DATA:

□ □ □ □

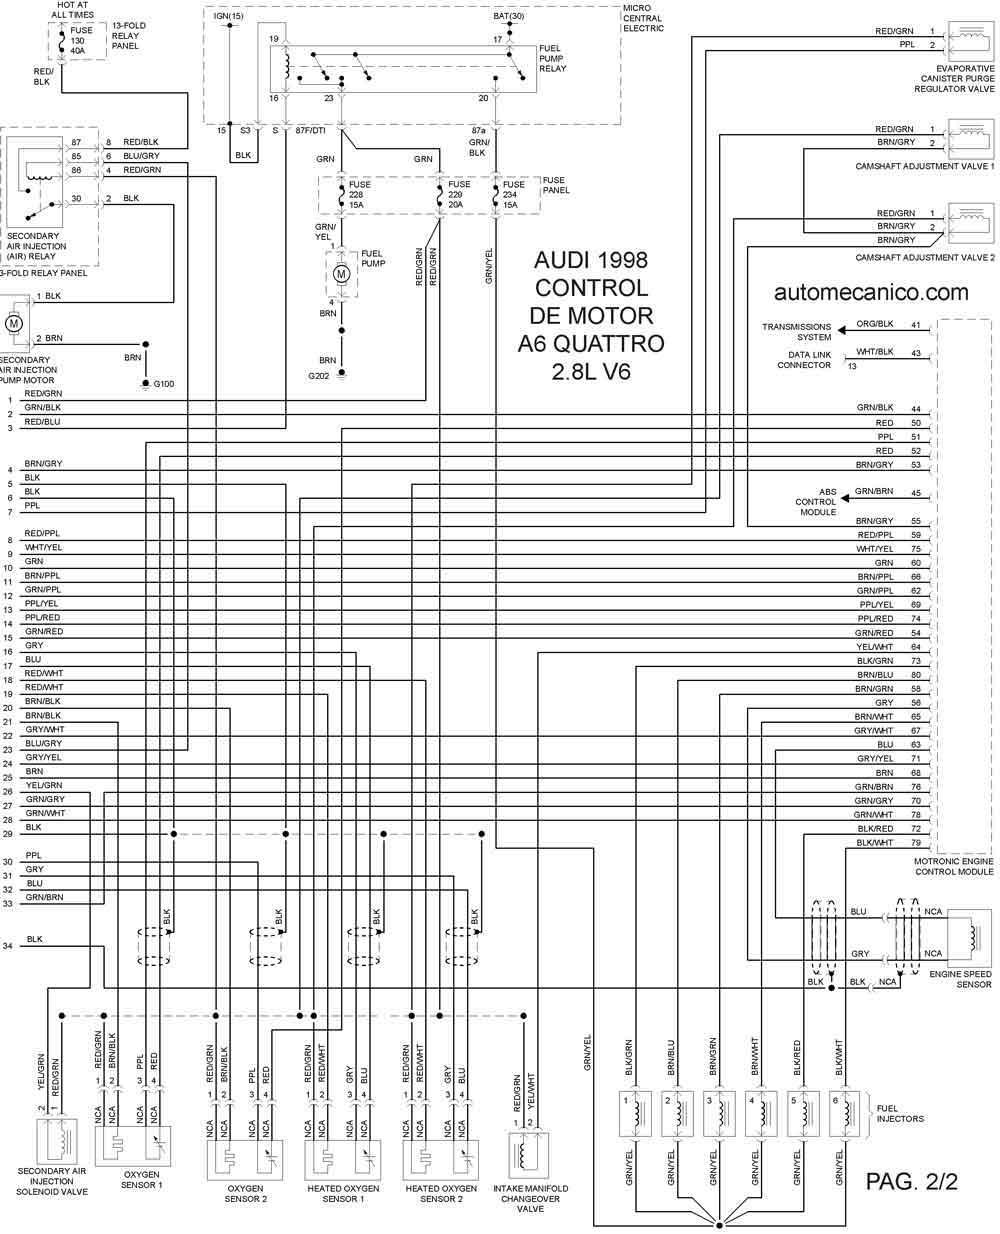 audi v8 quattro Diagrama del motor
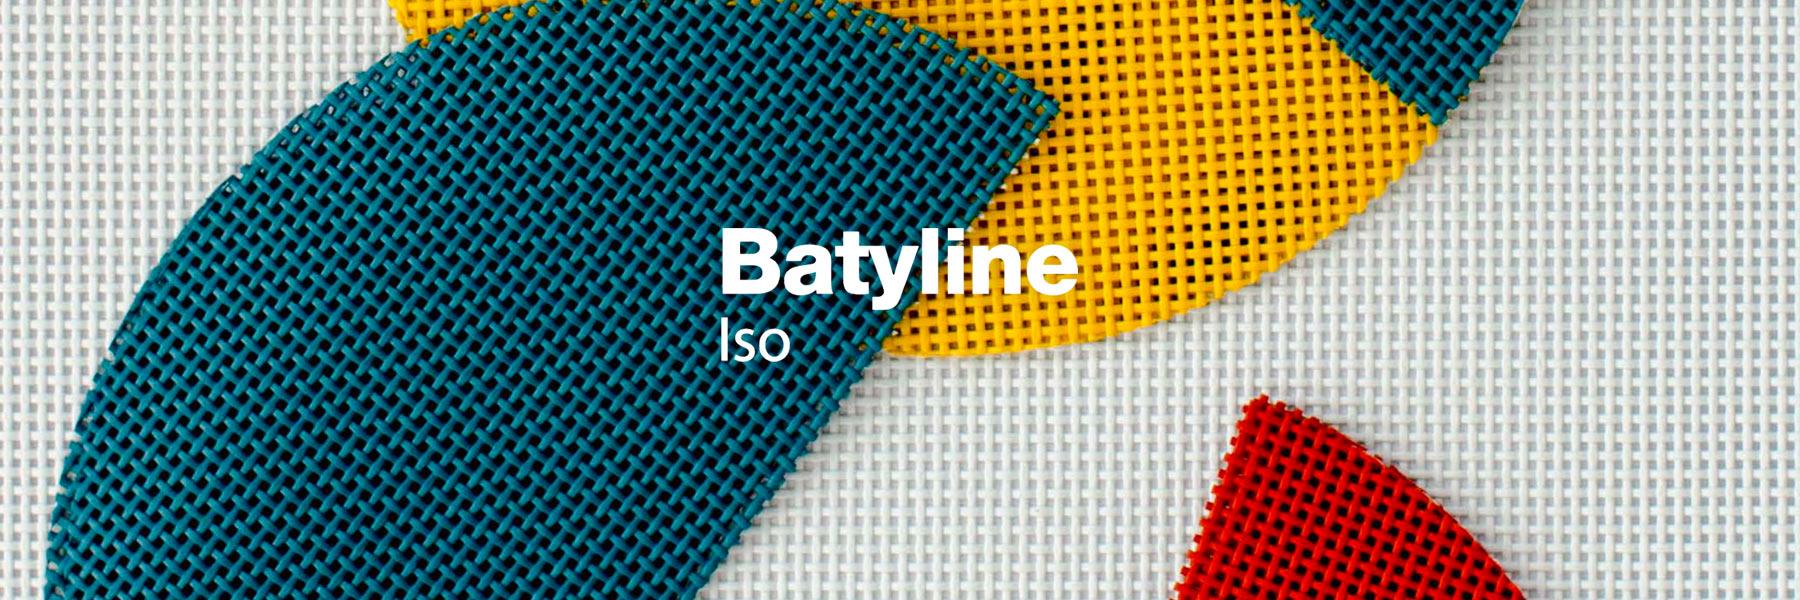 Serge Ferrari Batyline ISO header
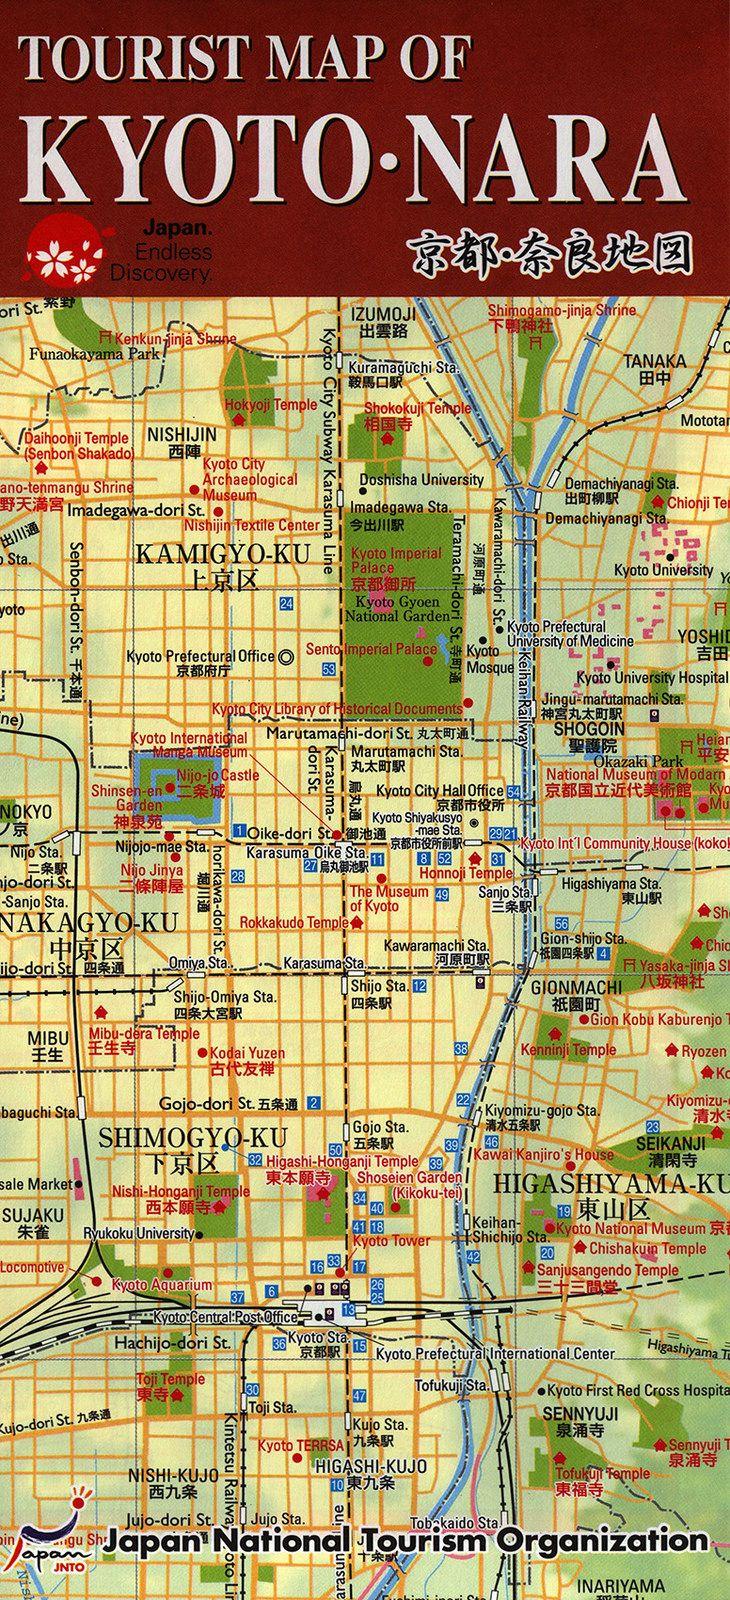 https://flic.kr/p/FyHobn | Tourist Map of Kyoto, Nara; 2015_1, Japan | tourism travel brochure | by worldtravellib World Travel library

□ □ □ □

ASSIGNMENT:
Reprint all the data above verbatim, excluding pictures.

SOLUTION TO THE PROBLEM:
 audi v8 quattro Diagrama del motor
 Serge Ferrari Batyline ISO header
 https://flic.kr/p/FyHobn | Tourist Map of Kyoto, Nara; 2015_1, Japan | tourism travel brochure | by worldtravellib World Travel library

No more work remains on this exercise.